Single-step Diffusion-based Video Coding with Semantic-Temporal Guidance
Naifu Xue, Zhaoyang Jia, Jiahao Li, Bin Li, Zihan Zheng, Yuan Zhang, Yan Lu
TL;DR
The paper tackles the challenge of delivering perceptually convincing video reconstructions at ultra-low bitrates by introducing S2VC, a single-step diffusion-based video codec within a conditional coding framework. It innovates with Contextual Semantic Guidance to provide frame-adaptive, stable semantic conditioning derived from buffered features, and Temporal Consistency Guidance to enforce cross-frame coherence via multi-scale diffusion blocks and cascade training. Empirical results show S2VC achieving state-of-the-art perceptual quality and substantial bitrate savings (average 52.73% in DISTS) across benchmark datasets, with strong performance on motion-aware and realism-oriented metrics.

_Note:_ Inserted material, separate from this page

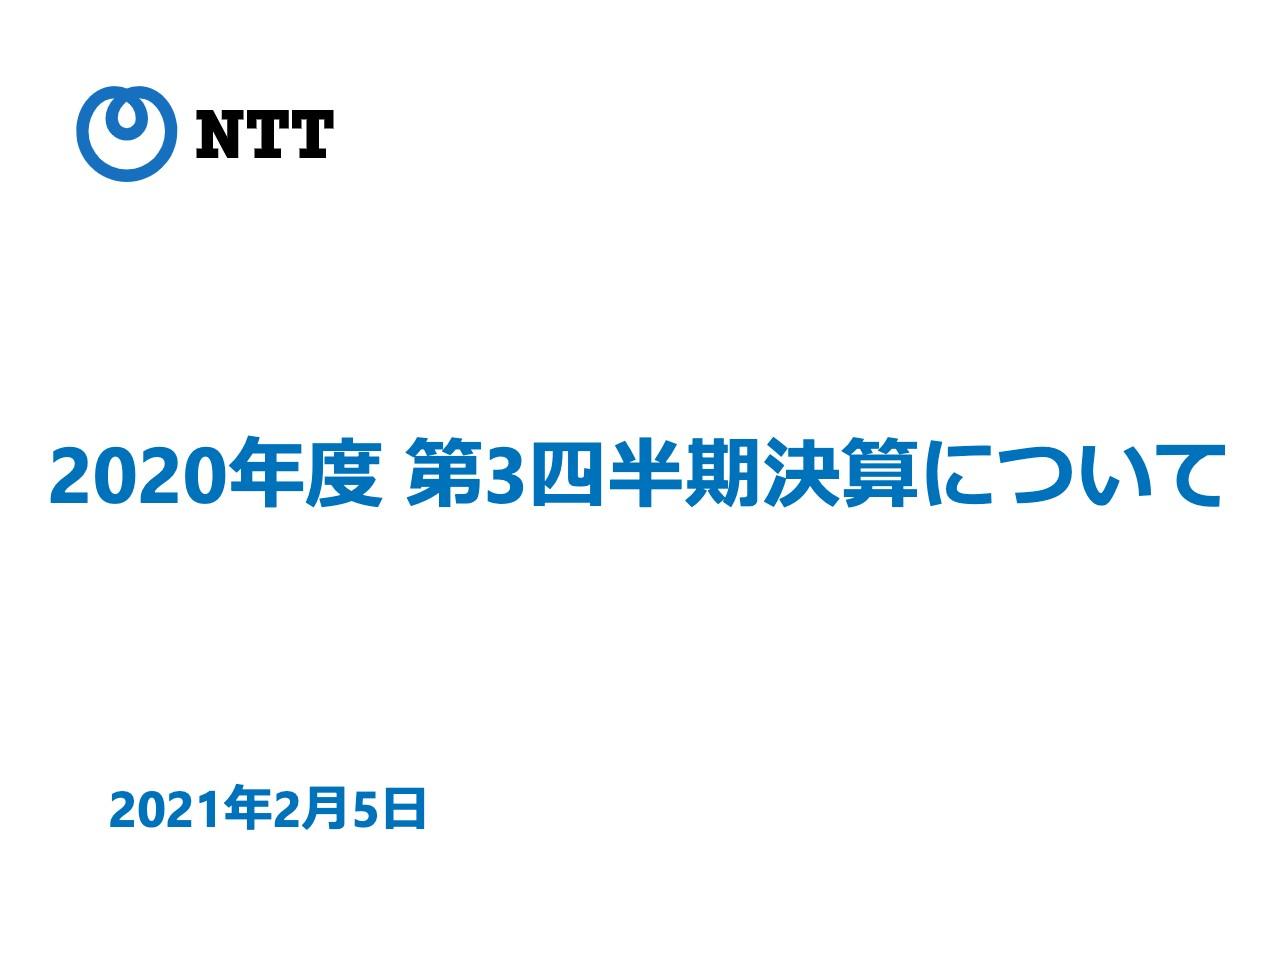 NTT、コロナ禍で3Qの営業収益は減収も、営業利益はドコモスマートライフ事業の増益が寄与し前年比+519億円
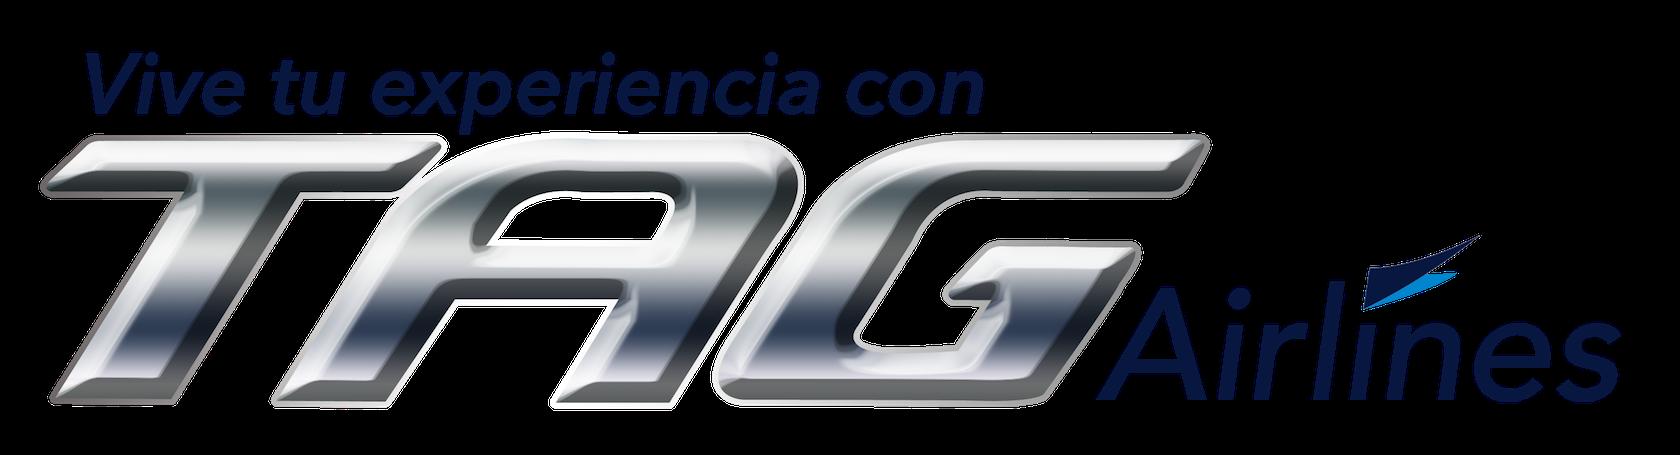 logo___new-1

The approach demonstrates the viability of single-step diffusion for practical, high-quality video compression while highlighting avenues for expanding the effective bitrate range.
Abstract
While traditional and neural video codecs (NVCs) have achieved remarkable rate-distortion performance, improving perceptual quality at low bitrates remains challenging. Some NVCs incorporate perceptual or adversarial objectives but still suffer from artifacts due to limited generation capacity, whereas others leverage pretrained diffusion models to improve quality at the cost of heavy sampling complexity. To overcome these challenges, we propose S2VC, a Single-Step diffusion based Video Codec that integrates a conditional coding framework with an efficient single-step diffusion generator, enabling realistic reconstruction at low bitrates with reduced sampling cost. Recognizing the importance of semantic conditioning in single-step diffusion, we introduce Contextual Semantic Guidance to extract frame-adaptive semantics from buffered features. It replaces text captions with efficient, fine-grained conditioning, thereby improving generation realism. In addition, Temporal Consistency Guidance is incorporated into the diffusion U-Net to enforce temporal coherence across frames and ensure stable generation. Extensive experiments show that S2VC delivers state-of-the-art perceptual quality with an average 52.73% bitrate saving over prior perceptual methods, underscoring the promise of single-step diffusion for efficient, high-quality video compression.